# [Problem details]
Go through the lines below and repeat each one exactly, skipping pictures.

# [Information supplied]
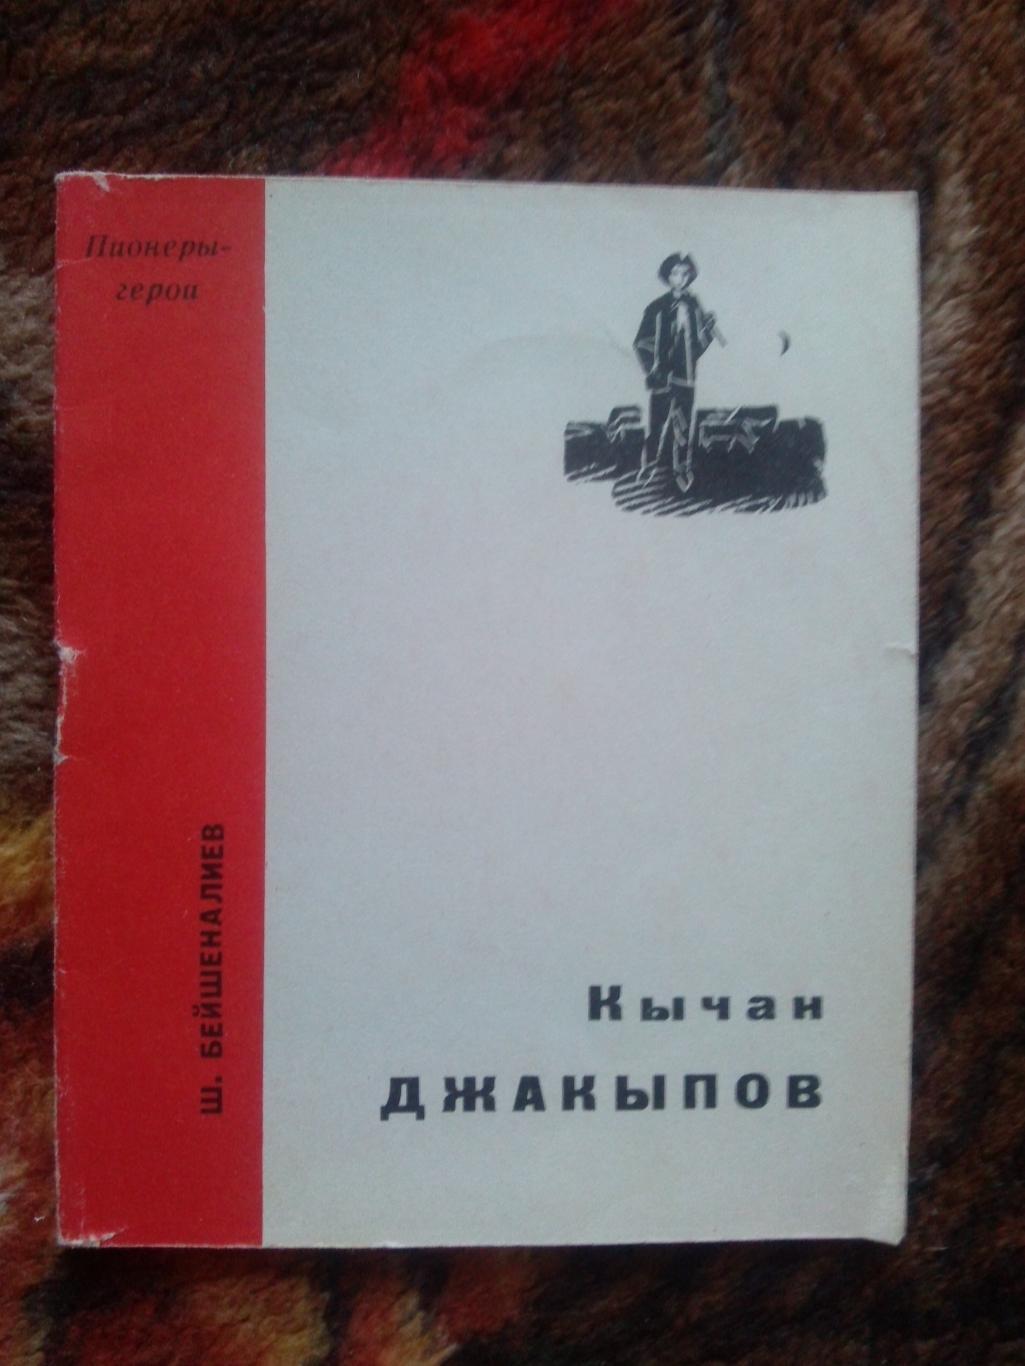 Пионеры-герои (Плакат + брошюра) 1967 г. Кычан Джакыпов (Пионер , агитация) 3
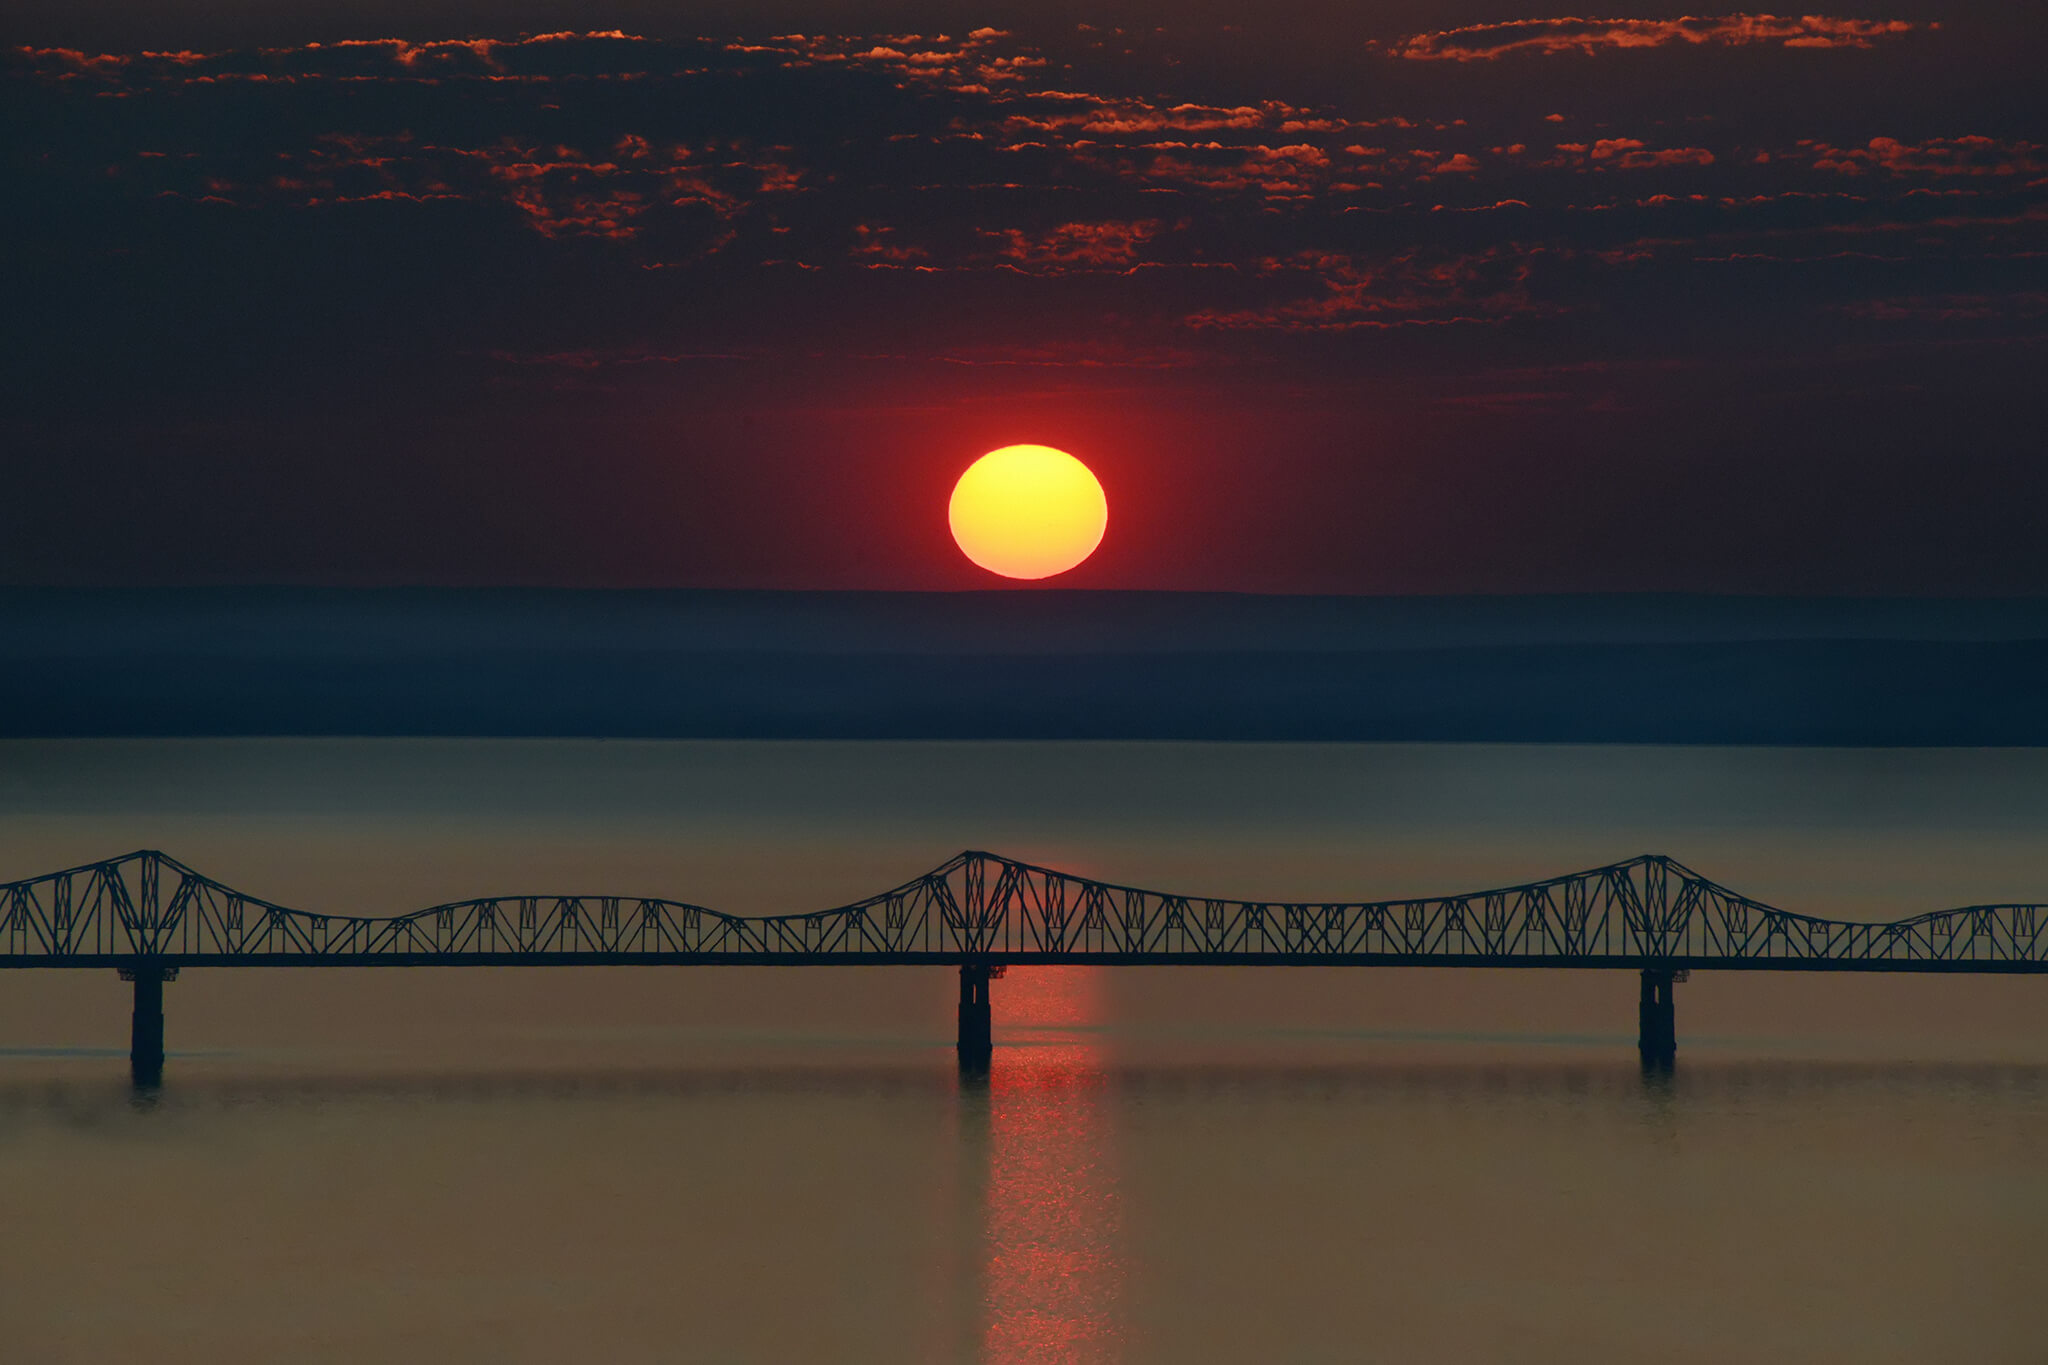 Sun sets over the bridge
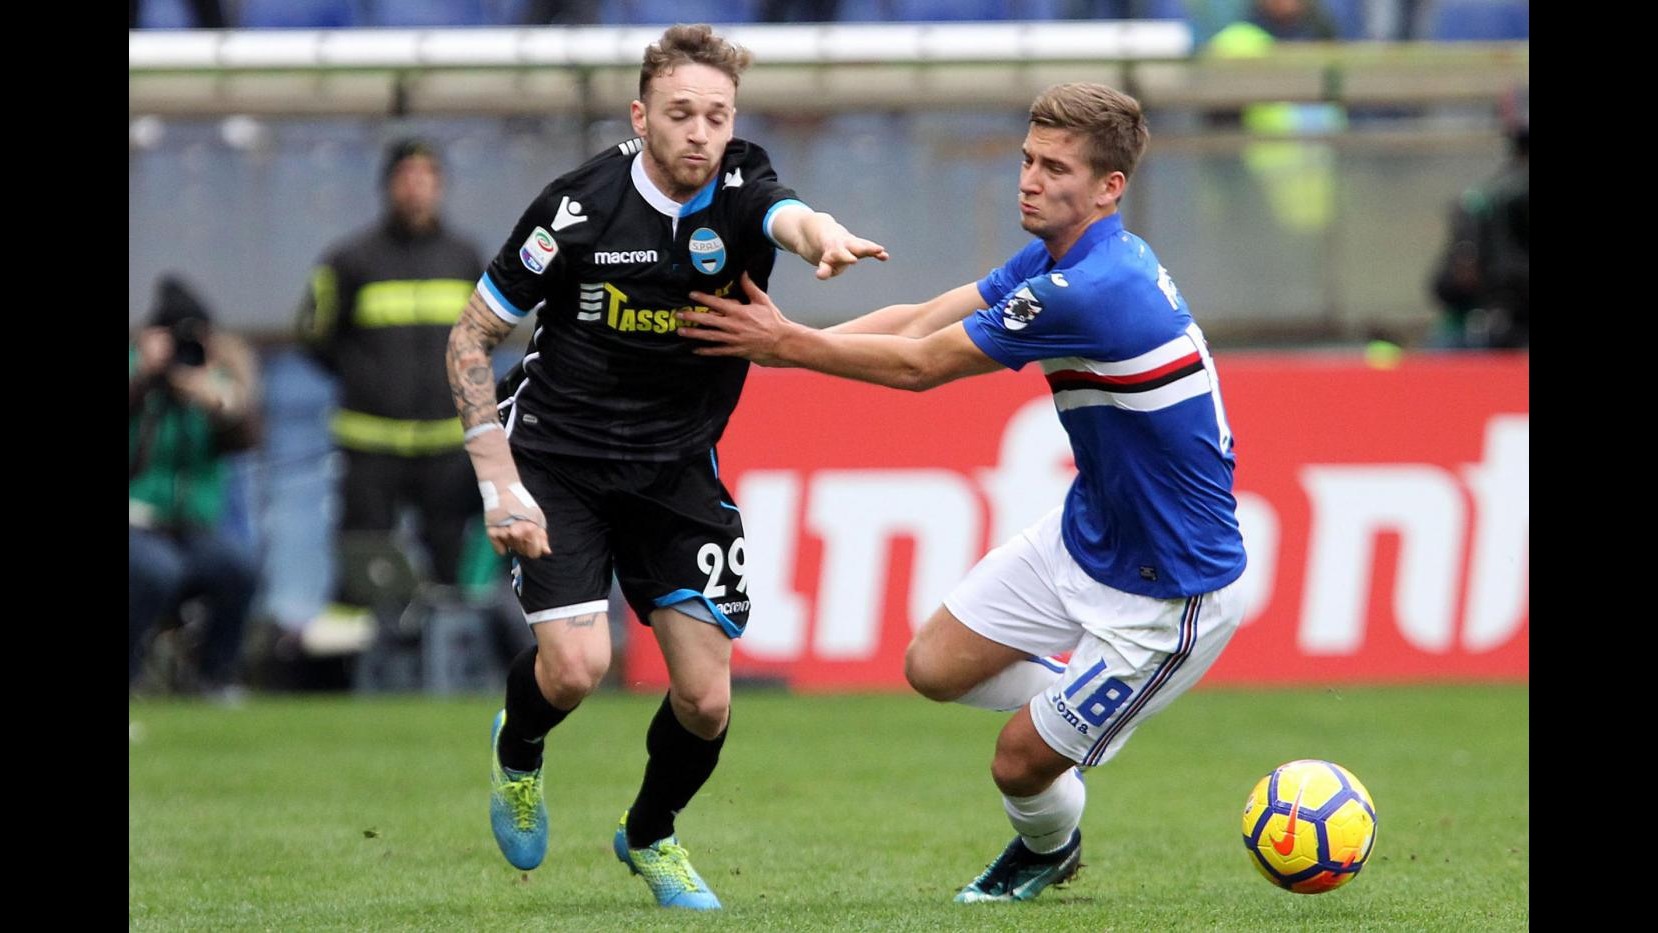 Serie A, Sampdoria-Spal 2-0 | IL FOTORACCONTO
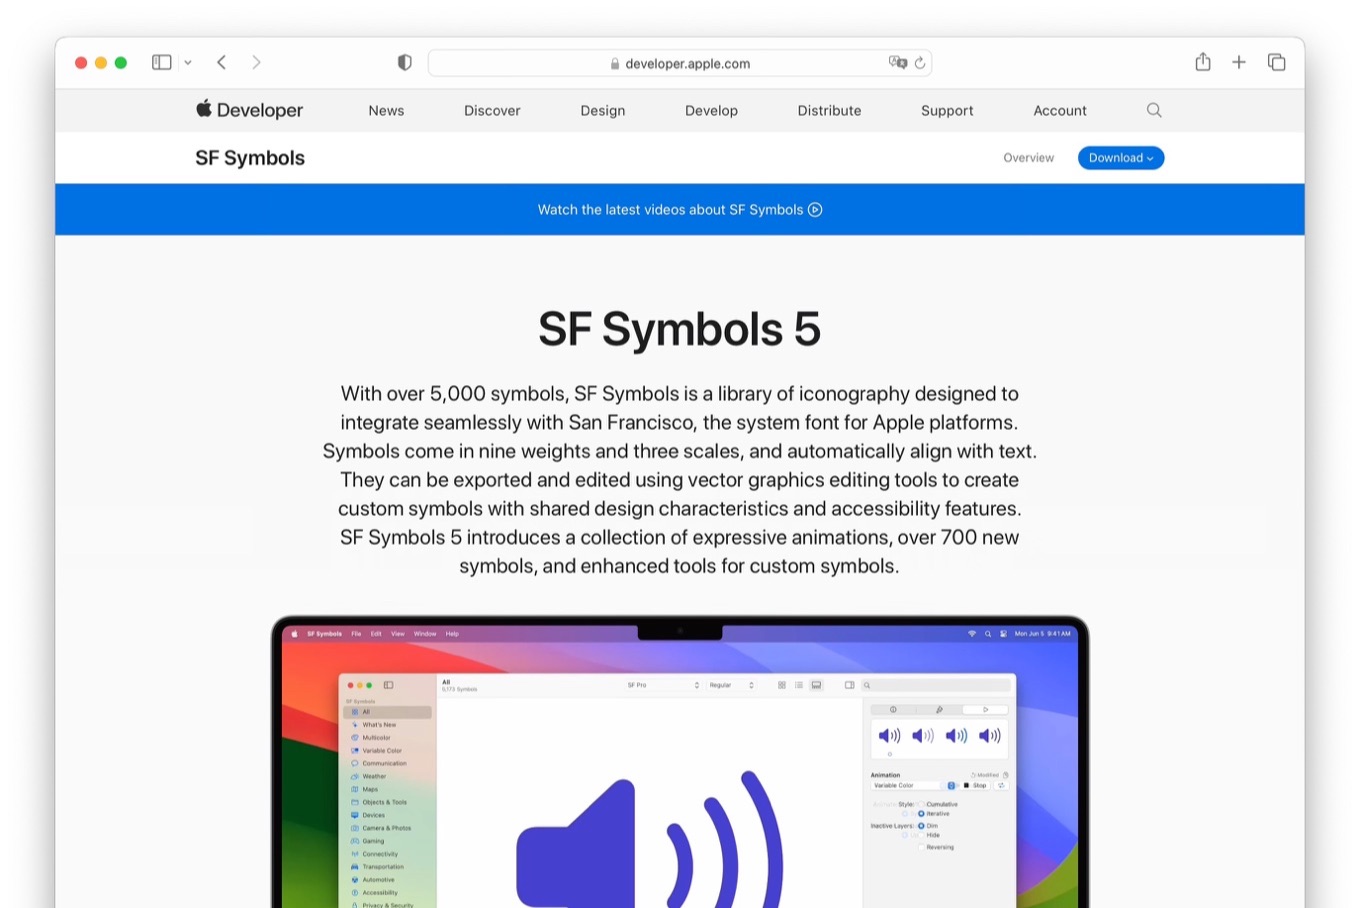 SF Symbols v5 Beta now available

# [Task result]
 Пионеры-герои (Плакат + брошюра) 1967 г. Кычан Джакыпов (Пионер , агитация) 3
 Sun sets over the bridge
 Serie A, Sampdoria-Spal 2-0 | IL FOTORACCONTO
 SF Symbols v5 Beta now available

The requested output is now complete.